Deferred shading on embedded device

I am thinking of implementing deferred shading on mobile platform. But not sure whether there will be performance gain with this technique because of memory bandwidth. I have different types of light sources, meshes with material properties and I will have to store all the material properties in textures. Is there any optimization I can use here, to save the memory ? As I will have to store the normals, texture data, specular, diffuse, ambient, reflection, opacity of the material for each pixel. If I store all this data, it will be taking large amount of memory. Is there anything I can do here?
Ultimate question, is it good idea to use deferred shading here or I should just go with normal rendering?

[QUOTE=debonair;1280529]I am thinking of implementing deferred shading on mobile platform. But not sure whether there will be performance gain with this technique because of memory bandwidth.

I have different types of light sources, meshes with material properties and I will have to store all the material properties in textures. Is there any optimization I can use here, to save the memory ?

As I will have to store the normals, texture data, specular, diffuse, ambient, reflection, opacity of the material for each pixel. If I store all this data, it will be taking large amount of memory. Is there anything I can do here?

Ultimate question, is it good idea to use deferred shading here or I should just go with normal rendering?[/QUOTE]

Are you using a tile-based rendering GPU (PowerVR, Mali, or Adreno)? If so, possibly.

You’re wise to get to the bottom of this first. On desktop GPUs (sort-last architecture), deferred shading can demand a lot of GPU memory and memory bandwidth (because fragment data is repeatedly written to/read from GPU memory as the frame is rasterized). On tile-based GPUs (sort-middle), it doesn’t have to (because frequently you can keep all of these writes/reads in fast on-chip framebuffer tile cache). But you need to make sure your mobile GPU supports that first.

What you’re looking for is support for tile-based on-chip MRT support in your GPU. That is when the GPU is rendering your screen tiles, you want to be able to rasterize to multiple render targets (MRTs) and then read from those MRTs to generate a final image, all without the GPU ever writing those MRTs to GPU memory (which is often just standard CPU DRAM).

For a concept primer (and details for ARM Mali GPUs), see:

Some Imagination Tech PowerVR GPUs support on-chip MRT as well, but in a different way. IIRC with PowerVR, you don’t need to use EXT_shader_pixel_local_storage to utilize the on-chip MRTs. You can just set up an FBO to render MRT as usual, render your G-Buffer into them, and then instead of doing the usual “rebind G-Buffer textures as input to shaders” thing for your lighting pass, you use EXT_shader_framebuffer_fetch in your lighting shader to read in the last-written MRT values for the G-buffer attachments to apply lighting without any FBO reconfig. Then before the end of your render pass, just Invalidate/DiscardFramebuffer your G-Buffer MRT attachments so that they never get written out to GPU memory.
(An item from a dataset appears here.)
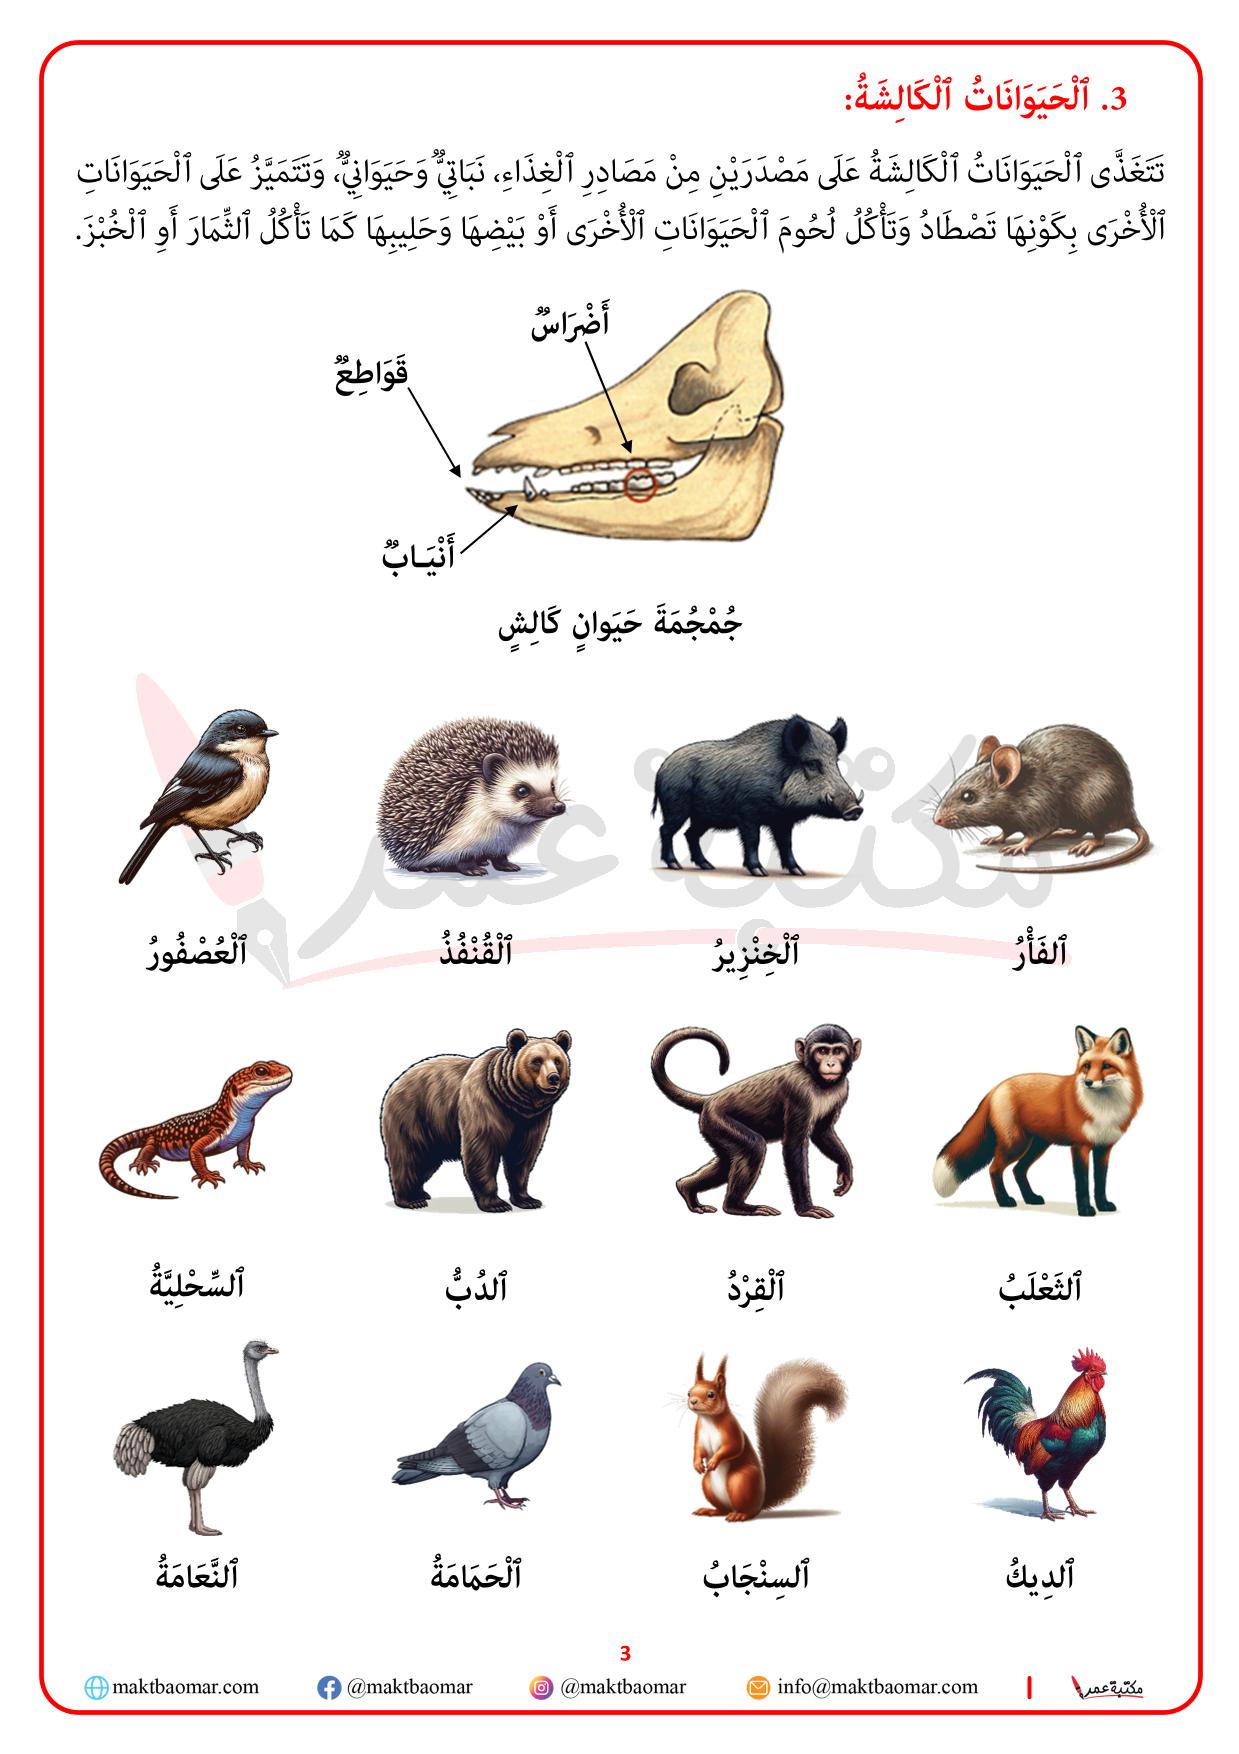 تصنيف الحيوانات حسب نوع الغذاء الذي تعيش عليه-3

Result: Only your final framebuffer gets written to GPU memory. And if you clear your framebuffer at the beginning of the frame, it never gets read from GPU memory in the beginning.

Both of these approaches give you pretty efficient use of GPU memory bandwidth. The downside to the latter is that you need to allocate GPU memory to back your G-buffer attachments, but that memory is never actually used except as a placeholder. There may be a trick to avoid that that I’m not aware of.

For Qualcomm Adreno GPUs, you’re on your own. Don’t know much about these yet. Keep in mind that some of these can run in “desktop” (sort-last) or “tile-based” (sort-middle) mode. My guess is you’re going to want to run tile-based.

For GPU and GPU driver-related details, check with the GPU vendor.

I was thinking on this algorithm, let me know your thoughts on it:

  1. Render with 2 passes. First pass will be depth pass without any lighting or color calculations, it will write the depth buffer. Disable color write in this pass.
  2. in second pass, render all the objects with color writes and all lighting calculations in shader but include “layout(early_fragment_tests)” in shader to force ealry z test. this will prevent execution of FS for unwanted pixels.
    This will save memory used for MRTs may be 5-6 textures.

Ok, so you’re basically saying forgo deferred rendering and instead do a Z prepass followed by a forward shading lighting pass.

You could. Do you really have that much overdraw? Are you fragment shading bound currently? If so, it “might” help, but it depends on your system. In my experience, GL renderers are more commonly CPU bound or vertex bound. If that is your case as well, submitting and transforming your geometry twice is not going to help. I would check that first.

Also, keep in mind that on PowerVR GPUs, the hardware effectively does this “Z prepass” for you without you having to submit in two passes. Basically it can determine per-pixel Z first based on all submitted fragments, and then only shade the closest fragment (if opaque). Just submit your geometry in this order to get the benefit: opaque, alpha-test, alpha-blend.